Being apprehensive about going to school is normal for most children. Not knowing what to expect and being in unfamiliar surroundings may cause feelings of anxiety. Generally, concerns are raised when those feelings expand beyond normal levels of uneasiness and grow to where your child wants to completely avoid going to school. Having a plan for a smooth transition might help your child confront his fears without feeling guilty.


Awareness of some of the signs of school anxiety that a child might manifest, indicating that the fear is beyond normal anxious feelings of a new or uncertain experience, could help you manage school anxiety. Your child may become extremely distressed when it is time for school. For some children, signs such as having a panic attack are more obvious when it is time to go to school, and may disappear as soon as the perceived threat is removed. This type of school phobia may also materialize in negative behavior characterized as acting out in school.

Talking about the reasons your child has school anxiety might help to relieve some of her fears. Open conversations give your child a safe haven to voice her fears without feeling bad about those feelings. By exposing the fear, you can also provide coping mechanisms to overcome school anxiety.
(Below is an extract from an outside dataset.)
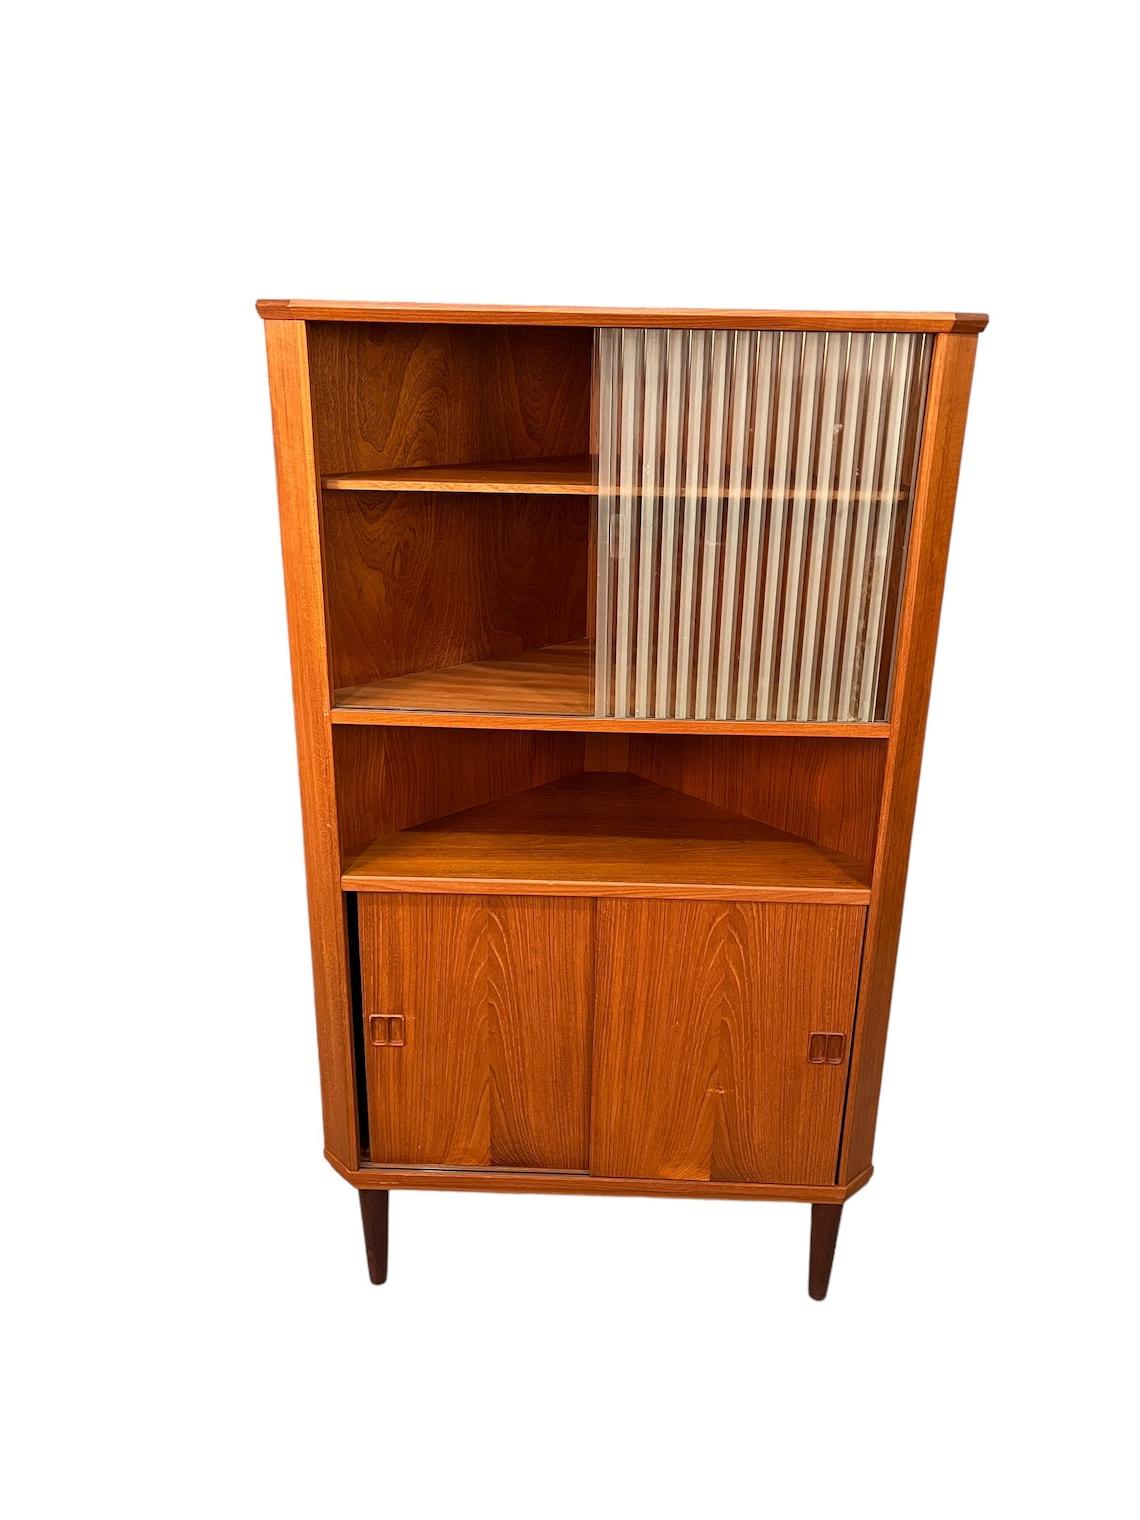 This stunning mid-century teak and glass corner cabinet is sure to be a standout piece in any home. Crafted from high-quality teak wood, this piece is both sturdy and beautiful. The glass doors allow for easy display of your favorite items, while

Another option is to use counter-avoidance tactics to gingerly help your child alleviate fears about school. You might highlight the positive characteristics about school. Also, you could discuss her favorite subject and reinforce the learning opportunities available at school to learn more.

Another approach is to meet with your child’s teacher, guidance counselor, school nurse, or any other school official who might be aware of the anxiety your child has about school. When your child sees that she has a support system in dealing with her angst, she might have an improved chance of overcoming the fear. This is especially important if your child is a victim of bullying at school. Getting ahead of the situation may help to prevent things from escalating out of control.

You might have to consider professional counseling if the anxiety increases or does not improve with other techniques. The reasons for school anxiety could be the result of other anxiety disorders that may require psychiatric therapy or medications. Simply medicating the anxiety disorder without continued support from educators and family could delay the chances for improvement, however, as it may not directly address your child's real concerns.